Samples were collected during the mating season of S. bilineata in November and December 2009, 2010, and 2011 in the vicinity of La Selva Biological Station (10°25′N; 84°00′W, 37 m a.s.l., Province Heredia, Costa Rica) administered by the Organization of Tropical Studies. Samples were collected with the permission of the Costa Rican Authorities (162-2009-SINAC, 137-2010-SINAC and163-2011-SINAC). We captured bats at dawn between 0500 and 0600 h using monofilament nylon mist nets (2.5 m height, Ecotone, Gdynia, Poland) when bats returned to their roost. As part of a long-term study, all bats have been marked individually with colored plastic bands (AC Hughes LTD., Middlesex, UK, size XCL), most of them in the colony in which they were born and in the year in which they were born.
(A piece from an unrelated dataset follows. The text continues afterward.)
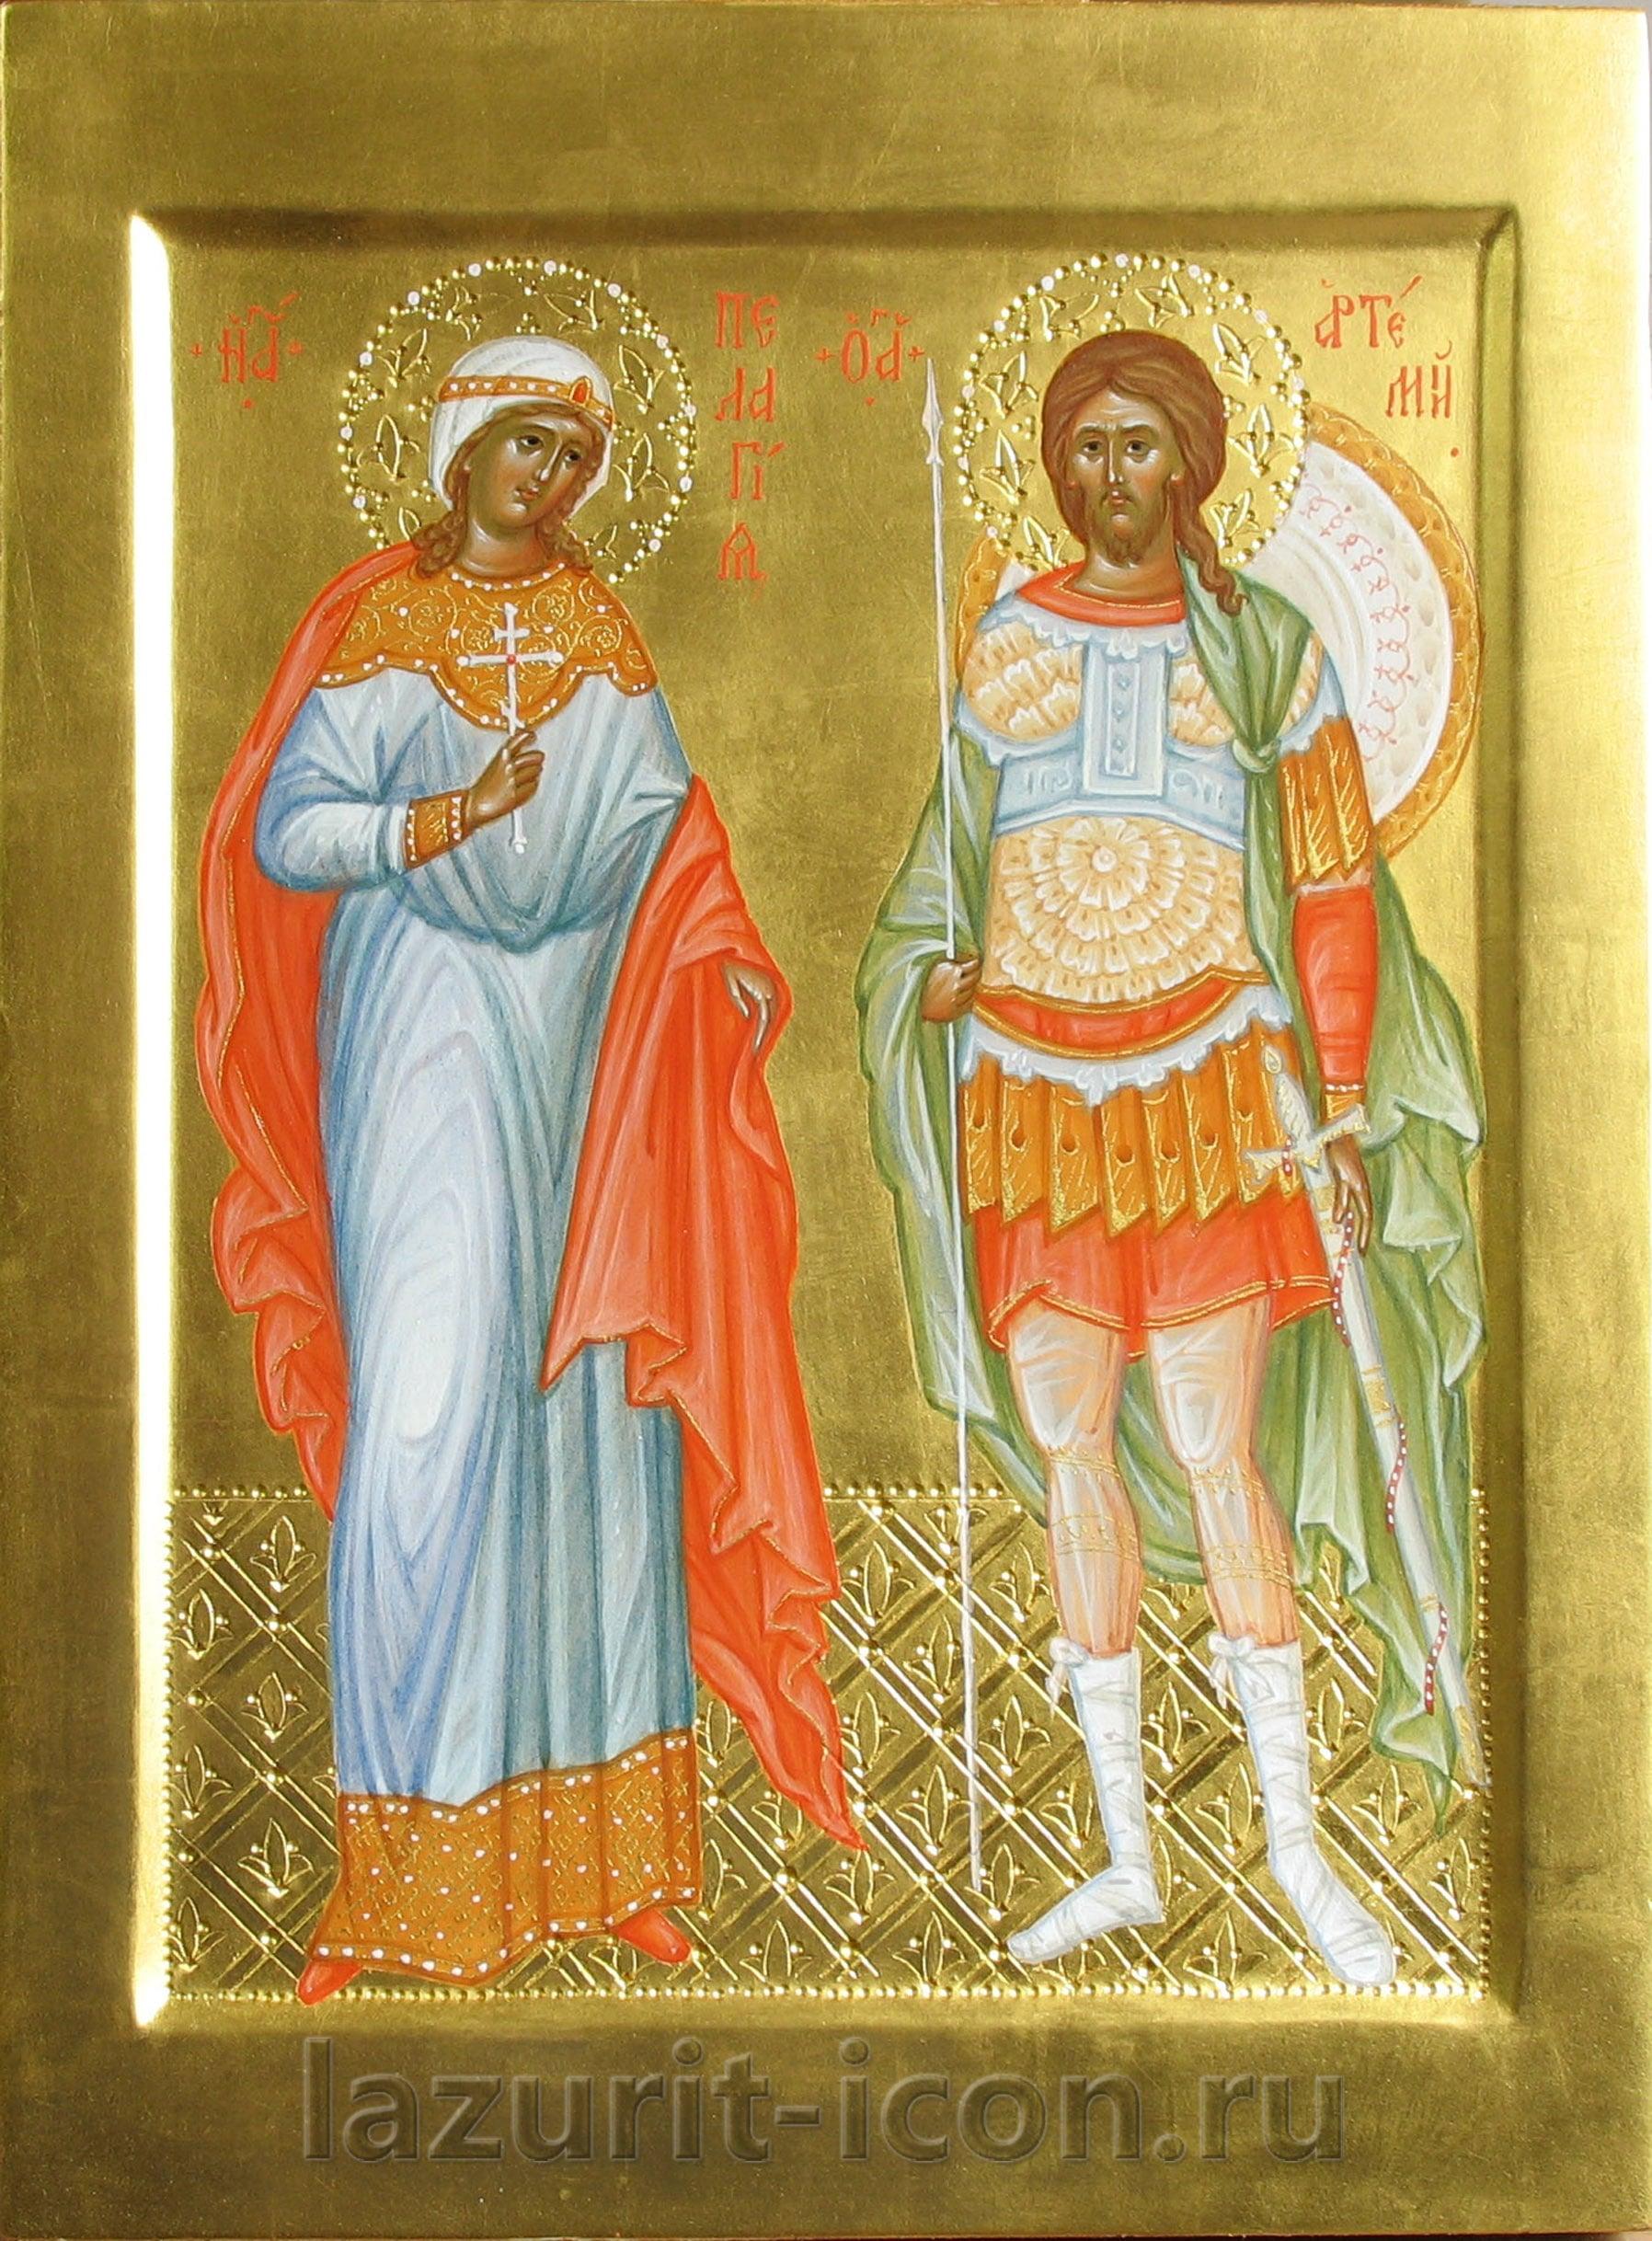 мученица Пелагия и великомученик Артемий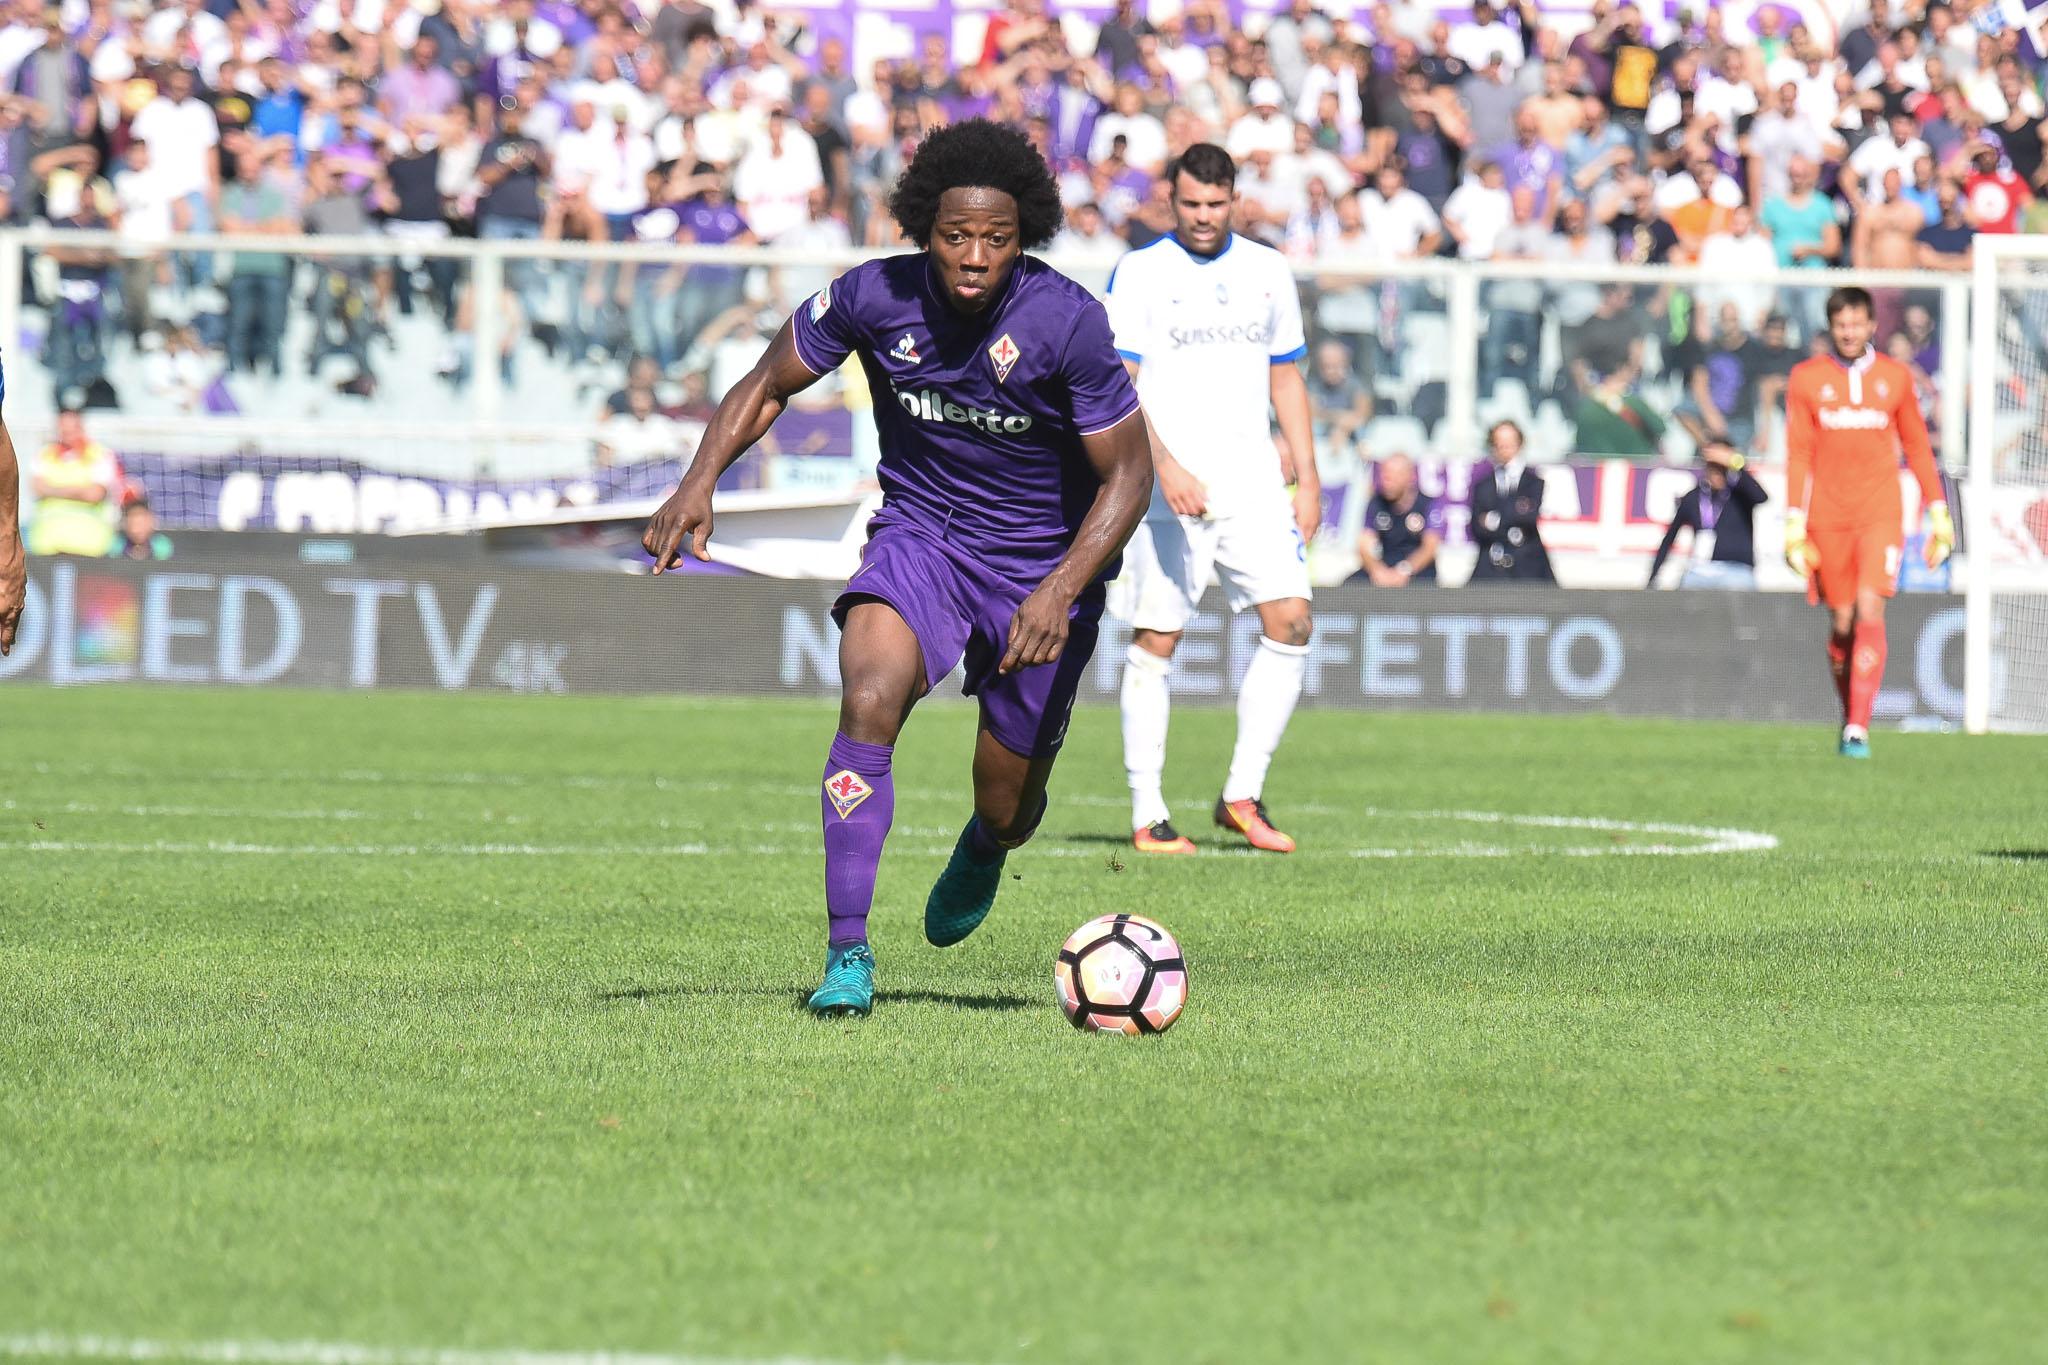 Sanchez non ha convinto, Fiorentina corta a centrocampo. Pioli chiede rinforzi

We categorized bats that were born in the year of capture as juveniles. For bats of unknown date of birth, we assessed the age by the color and structure of the wing sacs (Tannenbaum, 1975). Wing sacs were wiped out with a piece of cotton of ~5 mg that had previously been washed with dichloromethane (99.9%) to remove potential contaminating substances. We stored the samples in a Teflon-capped glass vial (2 ml RotilaboH, Karlsruhe, Germany) at −80°C until analysis. After sample collection, we released all bats at the site of capture.

Distances among capture locations were calculated using the digital map of La Selva biological reserve and the graphics program “GIMP.” In total, we captured bats at six locations with distances between around 100 and 3300 m (mean 1960 m; Table 1).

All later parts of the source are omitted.